Dans certains secteurs, nous finalisons déjà les accords, notamment dans le domaine des TIC et l’industrie pharmaceutique où nous commençons à avoir des résultats palpables. Les entreprises portugaises investissent beaucoup dans le domaine de l’industrie en Algérie, dont l’agroalimentaire. Il y a un réel intérêt chez les entreprises portugaises à développer leurs marchés en Algérie, notamment dans les infrastructures de base. Les compagnies portugaises s’adaptent bien au marché algérien. La règle dite des 51/49% appliquée aux investissements étrangers ne dérangent pas trop les entreprises portugaises, puisqu’elles sont confrontées par moments aux mêmes lois dans d’autres pays. D’ailleurs, les quatre entreprises mixtes devant être créées dans le domaine de l’habitat répondent parfaitement aux lois régissant l’investissement étranger, dont la règle des 51/49%.

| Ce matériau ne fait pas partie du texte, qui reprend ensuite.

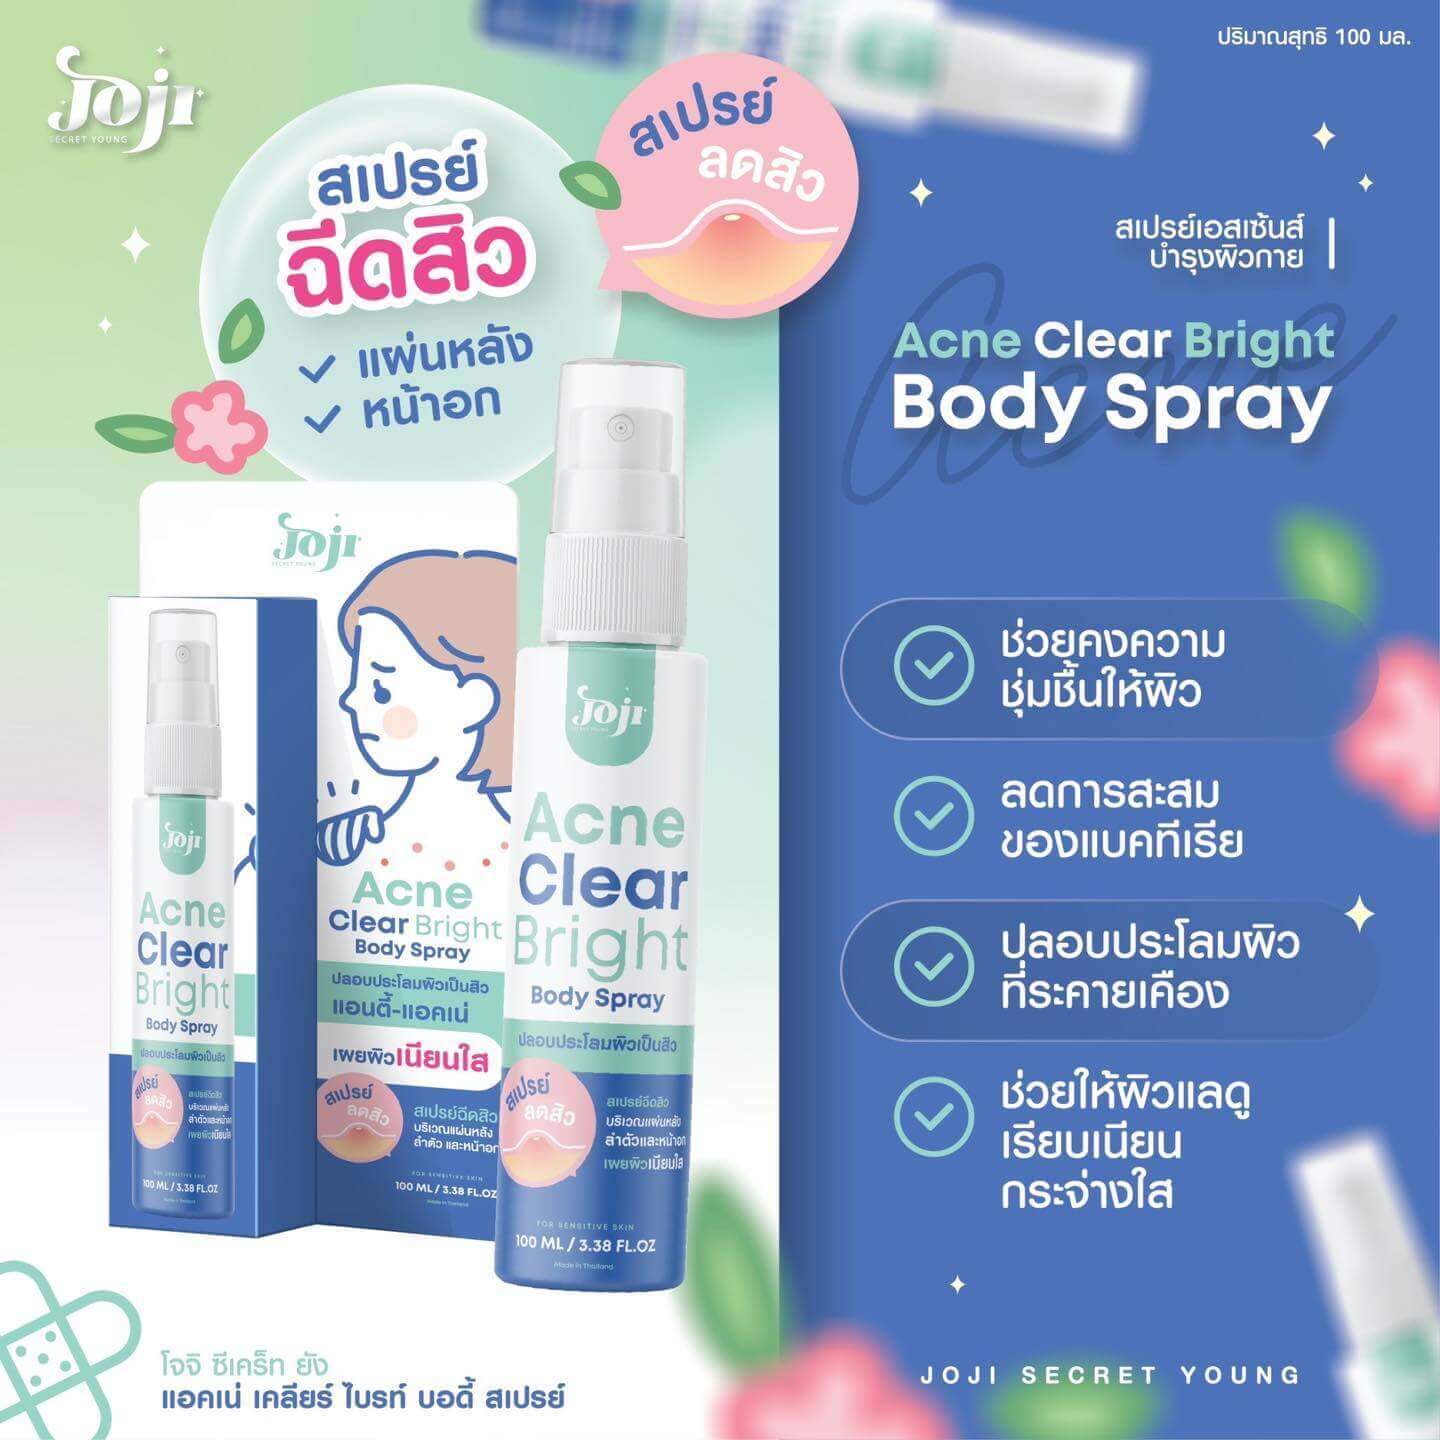  Acne Clear Bright Body Spray,Joji Secret Young, Acne Clear Bright ,สเปรย์กำจัดสิว,สิว

-Que fait le Portugal actuellement pour sortir de la crise économique et financière dans laquelle il s’était embourbé et quelle est sa position quant au débat actuel en Europe sur la rigueur budgétaire et la vraie valeur de l’euro ?

Le Portugal est en train de consentir un grand effort pour la réforme de son économie et le développement des fondamentaux de son économie. Nous sommes en train d’appliquer ce qui a été mentionné dans l’accord conclu avec l’Union européenne. Ce sont, certes, des réformes dures et difficiles, mais essentielles pour que le Portugal puisse sortir de la crise économique et financière. En un mot, la position du Portugal est simple : la rigueur budgétaire est essentielle. Concernant la valeur réelle de l’euro et le débat autour de la guerre des monnaies, nous pensons que ce n’est pas avec une monnaie faible qu’on peut assurer la croissance et le développement. Il est vrai qu’une monnaie européenne forte nous cause des problèmes à court terme, mais les réformes ayant trait à la compétitivité devraient apporter une réponse sur mesure à ce débat actuel.